The United States government first released a list of former U.S. citizens in a State Department letter to Congress made public by a 1995 Joint Committee on Taxation report. That report contained the names of 978 people who had relinquished U.S. citizenship between January 1, 1994 and April 25, 1995. This action was in the larger context of widespread media attention to the issue of wealthy individuals who gave up citizenship to avoid United States taxes. As a result, several legislators proposed bills or amendments to end the confidentiality surrounding loss of citizenship, and to publish the names of ex-citizens. The one that eventually passed was an amendment by Sam Gibbons (D-FL) to the Health Insurance Portability and Accountability Act of 1996. That amendment added new provisions to the Internal Revenue Code (now at ) to require that the Treasury Department publish the names of persons relinquishing U.S. citizenship within thirty days after the end of each calendar quarter.

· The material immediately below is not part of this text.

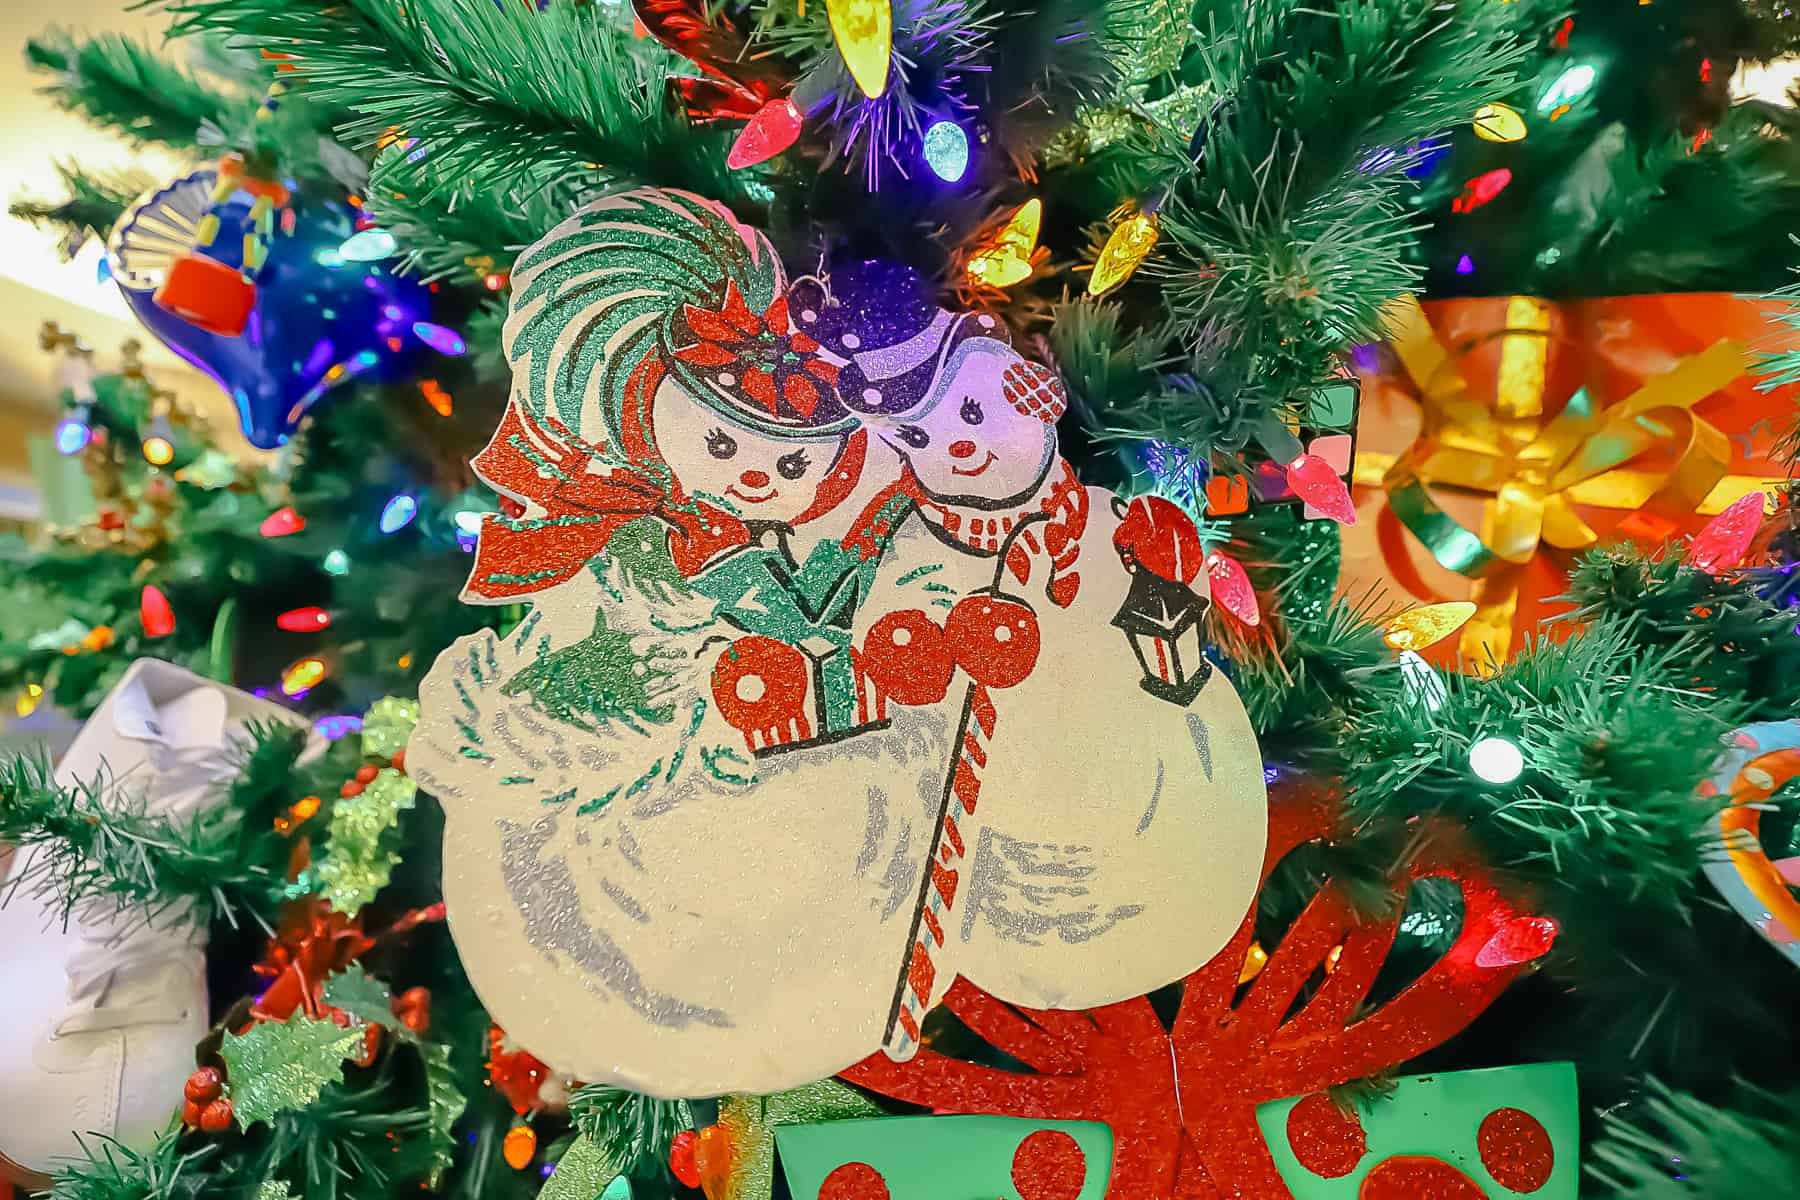 Mr. and Mrs. Snowman ornaments in the tree at Pop Century 
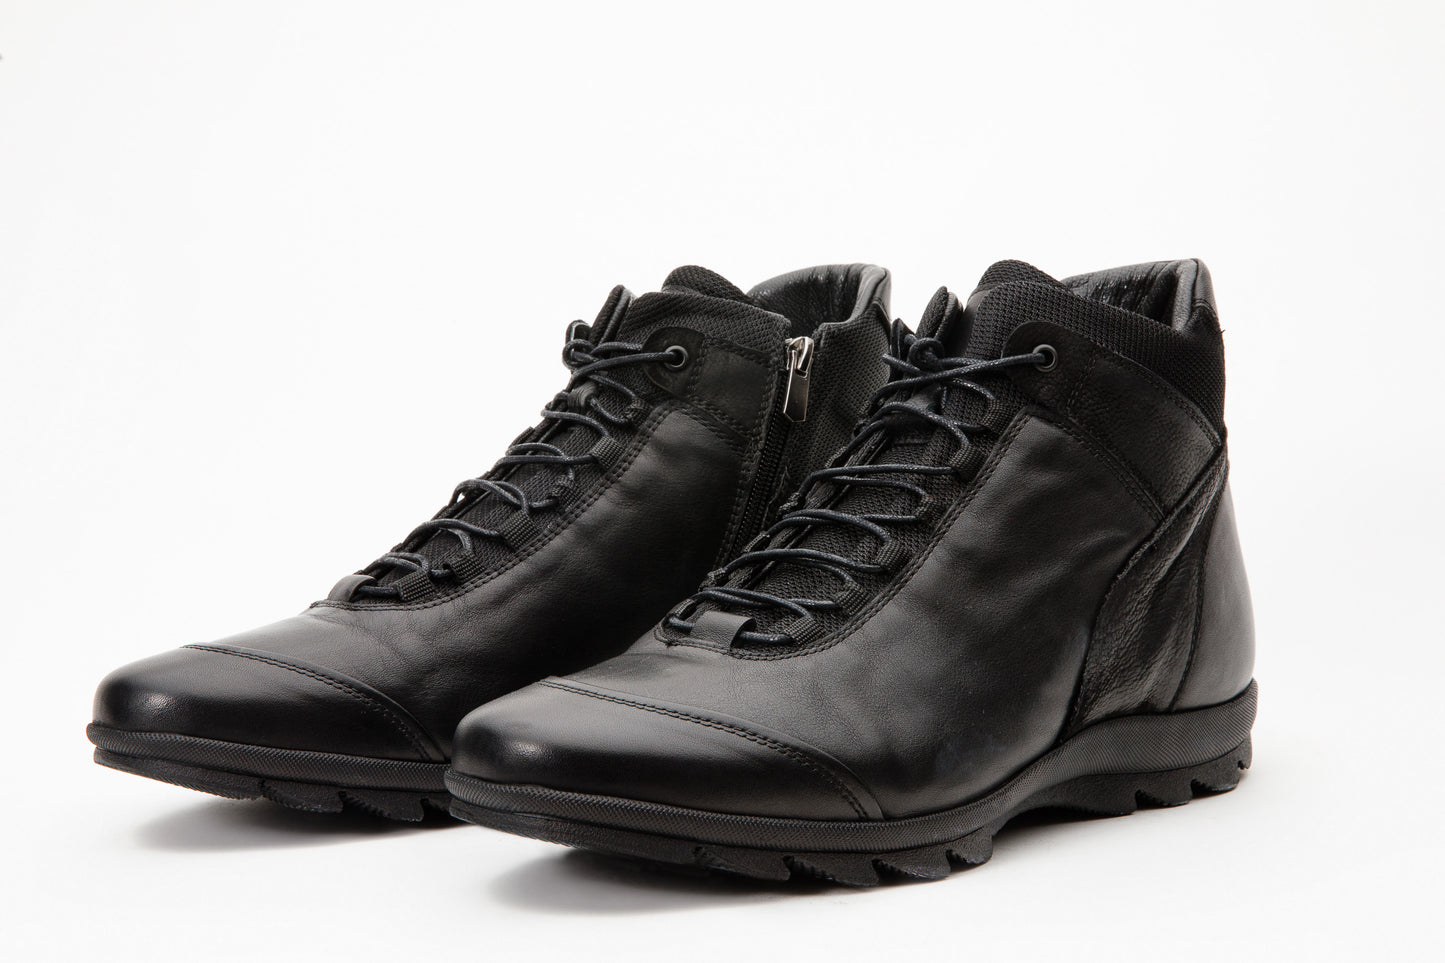 The Houston Leather Black Lace-Up Casual Men Boot with a Zipper

Publication began in 1996; lists published in 1997 included the names of people losing citizenship after 1995. The list includes only the names of former citizens, not their reasons for giving up citizenship or other information about them. Lawyers familiar with the process state that it takes roughly six months after people give up citizenship for their names to appear in the list.

Congress' motive for requiring this publication may have been to "shame or embarrass" people who give up U.S. citizenship for tax reasons. However, Michael S. Kirsch of Notre Dame Law School questions the effectiveness of this, given that it may result in the shaming of people who give up U.S. citizenship for other reasons, while having little effect on or even acting as a badge of honor for wealthy individuals who are "particularly individualistic and unconcerned with how they may be perceived by the general population." Gibbons expected that the list would include only "a handful of the wealthiest of the wealthy" motivated solely by taxes; however, the people named in the list turned out to have a wide variety of motivations for emigrating from the U.S. and later giving up citizenship, and few were publicly known to be wealthy. As a Wall Street Journal article described the political environment of the mid-1990s which led to the creation of the list: "Congress got mad at legal aliens who use social services but don't become U.S. citizens. Less noisily, it got mad at Americans who become legal aliens in other countries, use services there, but decide not to remain U.S. citizens for life."

==Criteria for inclusion in list==

Comparisons with other sources of data on ex-citizens suggest that the lists of ex-citizens published in the Federal Register may not necessarily include all ex-citizens. Media reports from authors who believe that the IRS list is supposed to include all expatriates have suggested this means the Federal Register expatriate list has been "lowballing its numbers." Other sources advance a variety of explanations.

===Non-covered expatriates===

There are differences of opinion among lawyers over whether mandates that the names of only some or all former citizens must appear in the Quarterly Publication. One opinion is that only those who are subject to the expatriation tax (so-called "covered expatriates") appear in the list. (Under current law, , "covered expatriates" are those with more than $2,000,000 in assets, an average of $124,000—adjusted for inflation—in taxes owed or paid over the preceding five years, or who are unable to certify under penalty of perjury that they have complied with all tax form filing and payment obligations in the preceding five years.) Those with this opinion include David Lesperance and John Gaver. In contrast, Andrew Mitchel, a Connecticut tax lawyer interviewed by The Wall Street Journal for its reports on Americans giving up citizenship, states that the list is required to include all former citizens. Michael Kirsch also states that the list is required to include all former citizens, not just those deemed by Section 877 to be giving up citizenship for tax reasons.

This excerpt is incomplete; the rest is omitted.